→ **Action item**: Would you set down the data that follows, word for word, without any pictures?

Stored dataset items
* * * * *
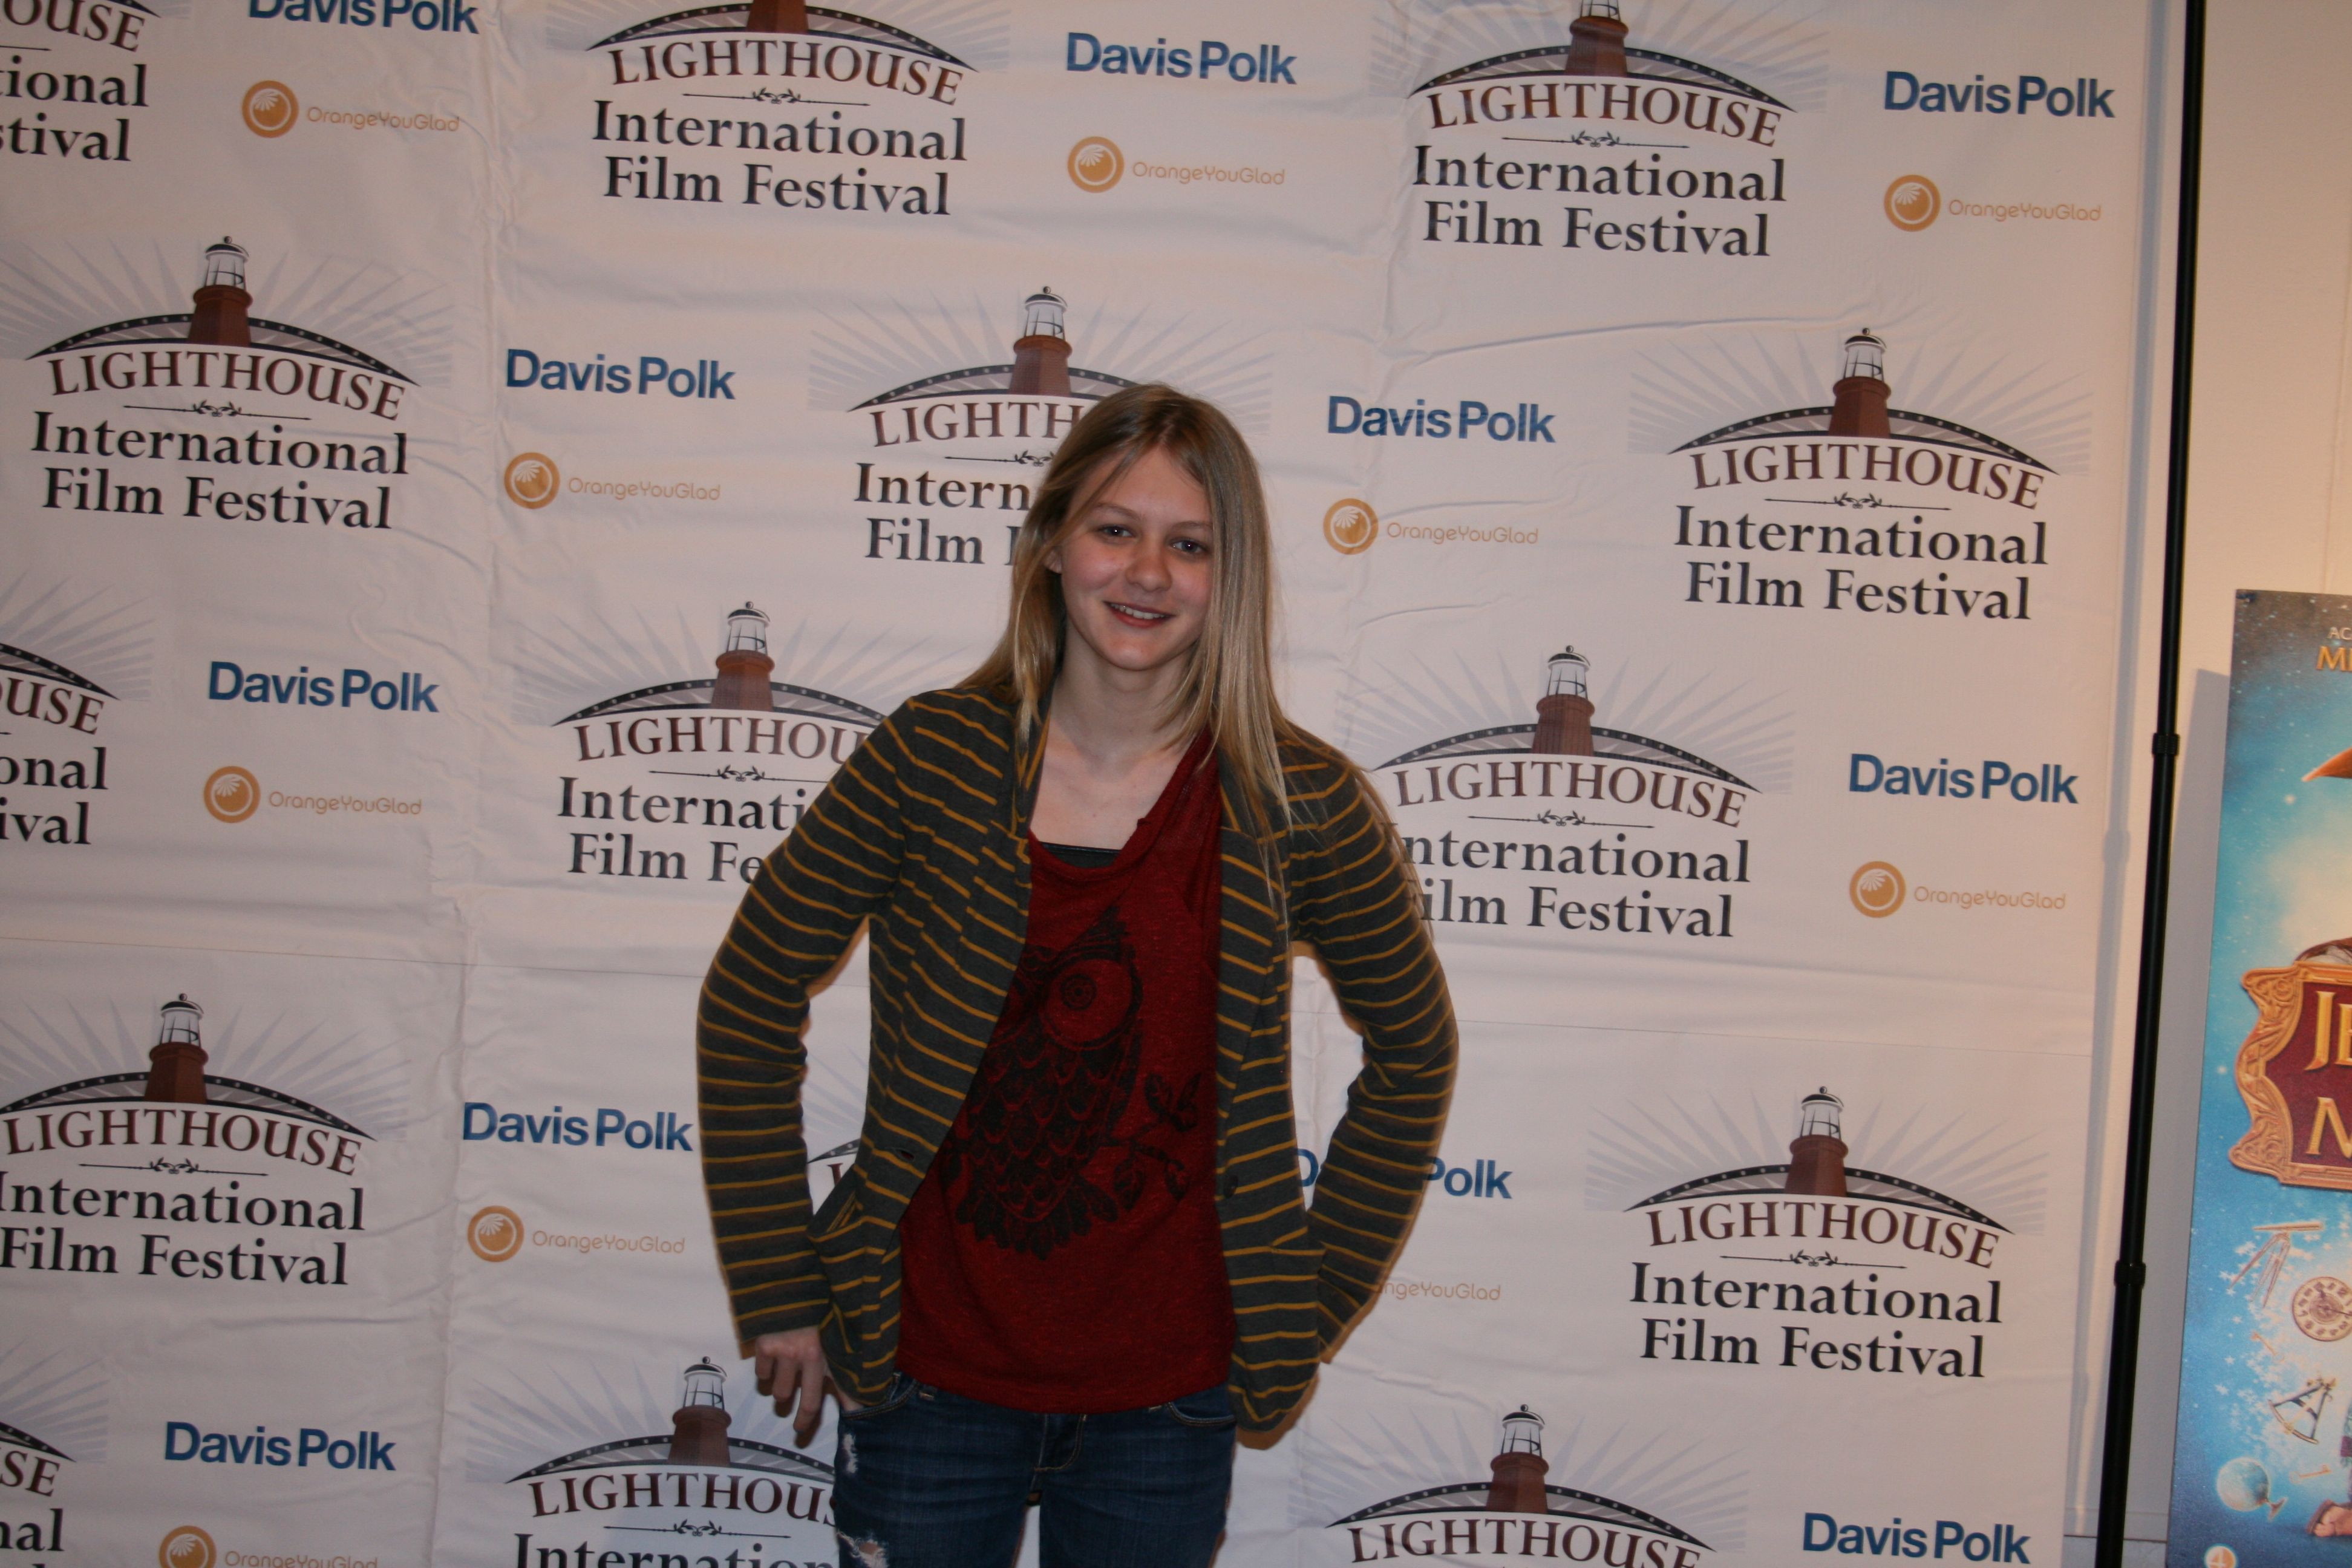 JEREMY FINK AND THE MEANING OF LIFE at the Lighthouse International Film Festival in Long Beach Island, NJ
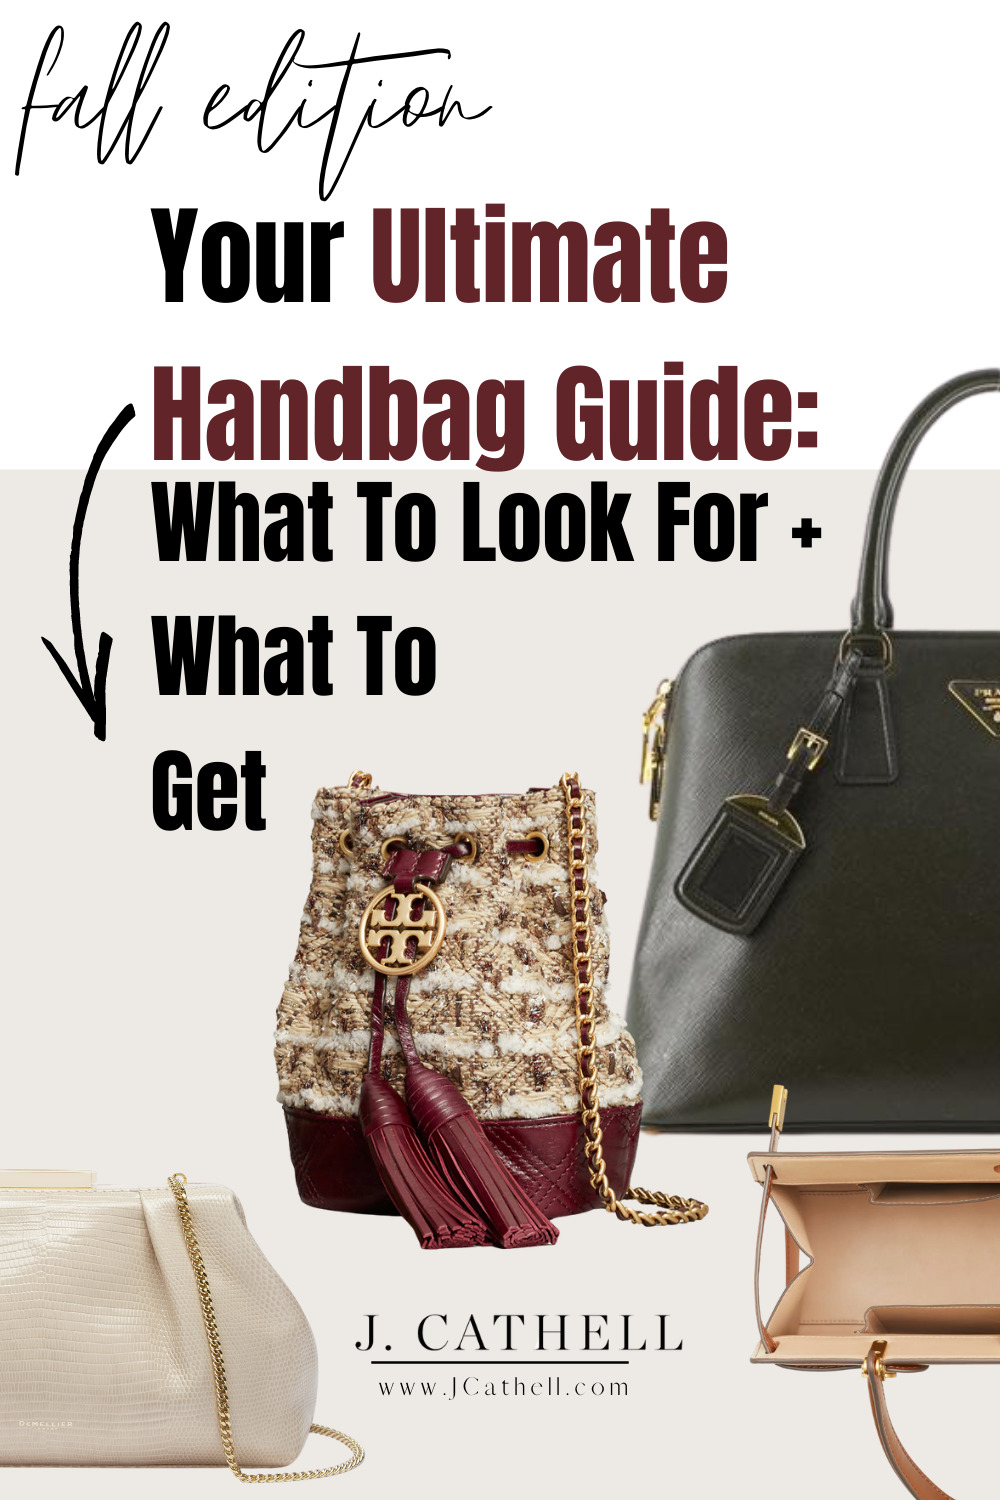 Your Ultimate Guide To Handbags: Fall Edition - J. Cathell
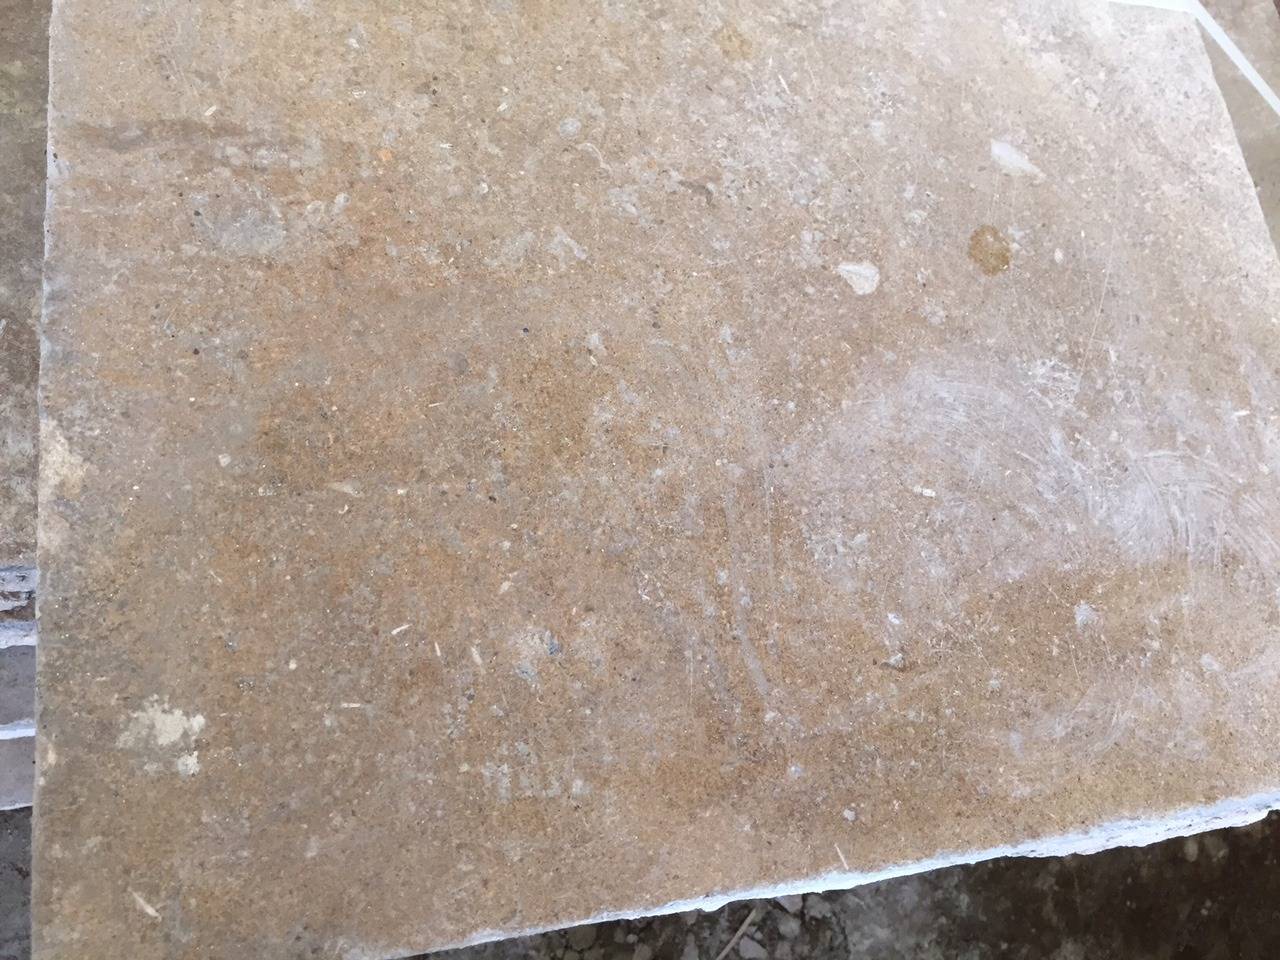 Original French antique solid limestone Dalles de Bourgogne 17th century.
Very unique and rare. In excellent condition, ready for installation.
We have a very large selection and top of the line quality-price-services.

We can cut the original
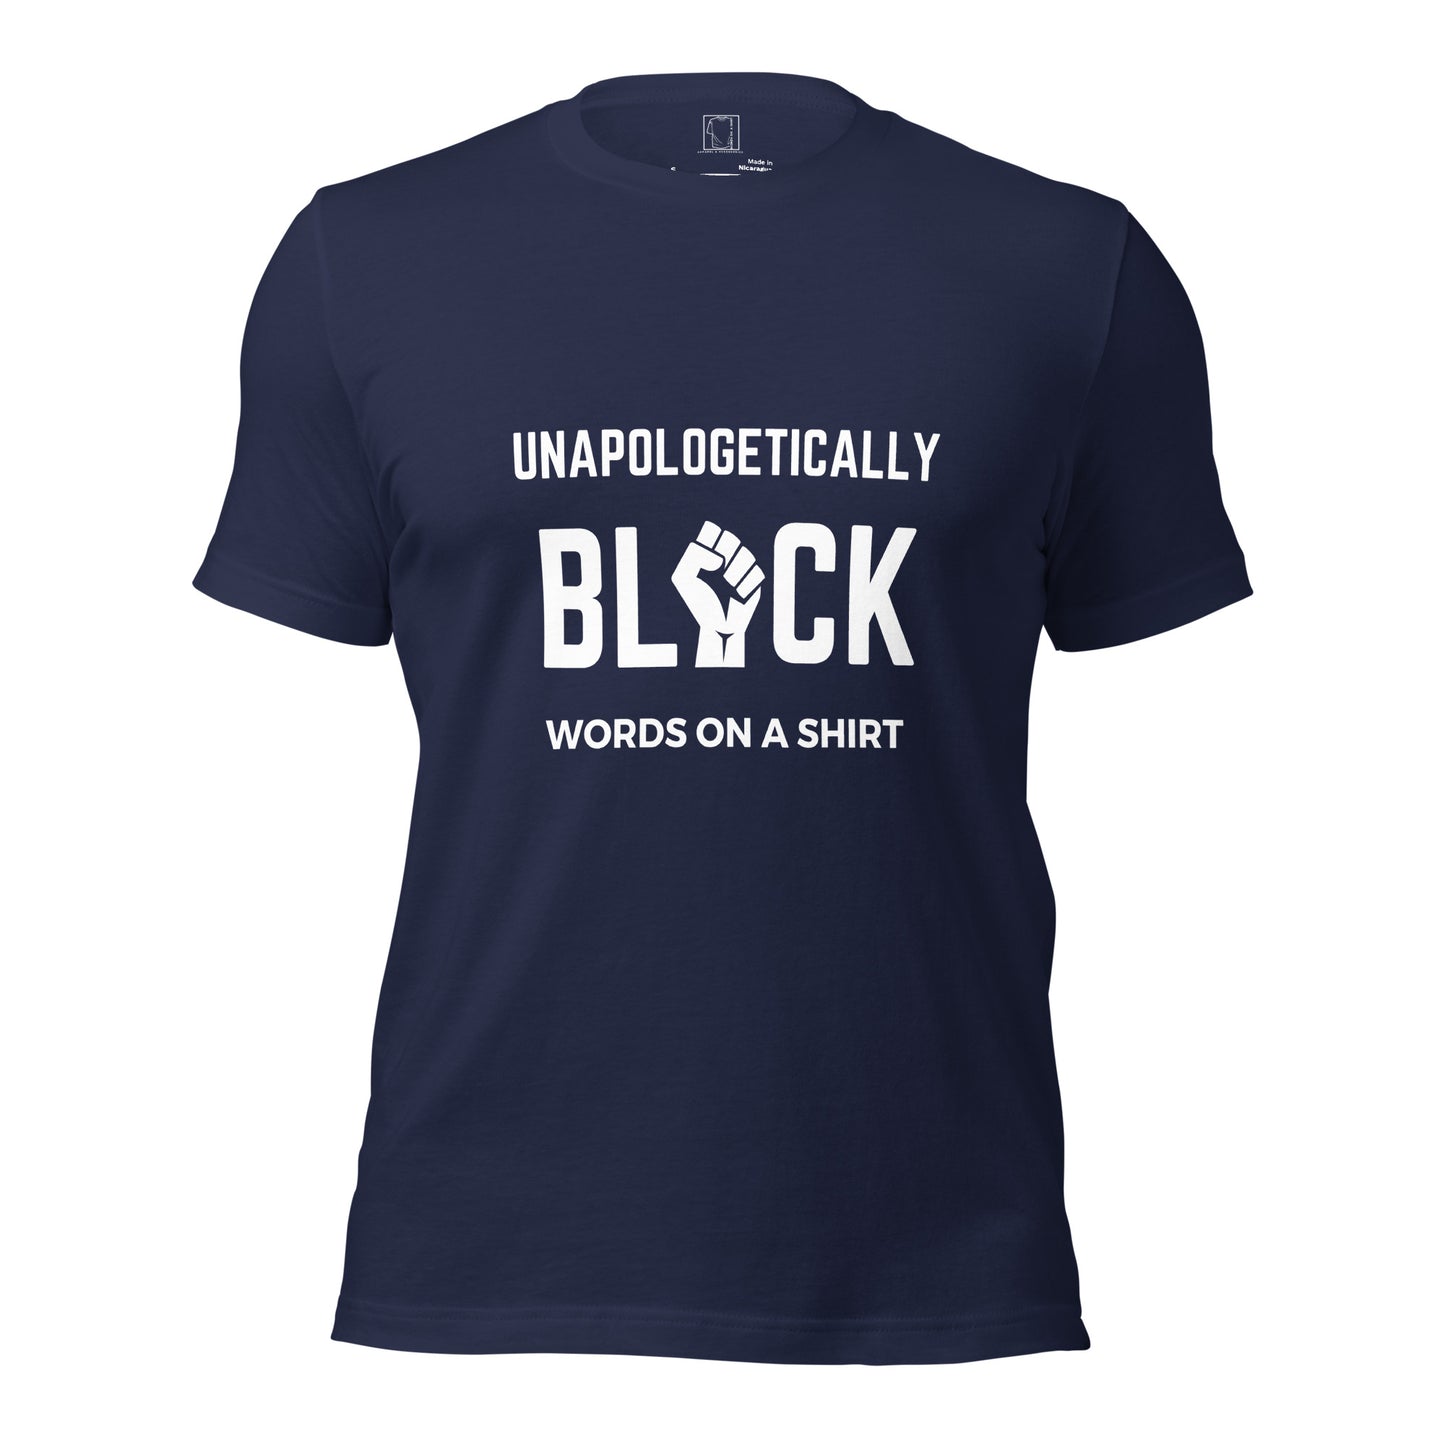 Prepare to be blown away by our unbeatable offer: a 100% cotton tee that will exceed your expectations. Say goodbye to shrinking and hello to impeccable side-seamed construction, all while rocking the best look ever. Get ready, because we are proud to be Unapologetically Black!
* * * * *
→ **Reply**:
 JEREMY FINK AND THE MEANING OF LIFE at the Lighthouse International Film Festival in Long Beach Island, NJ
 Your Ultimate Guide To Handbags: Fall Edition - J. Cathell
 Original French antique solid limestone Dalles de Bourgogne 17th century.
Very unique and rare. In excellent condition, ready for installation.
We have a very large selection and top of the line quality-price-services.

We can cut the original
 Prepare to be blown away by our unbeatable offer: a 100% cotton tee that will exceed your expectations. Say goodbye to shrinking and hello to impeccable side-seamed construction, all while rocking the best look ever. Get ready, because we are proud to be Unapologetically Black!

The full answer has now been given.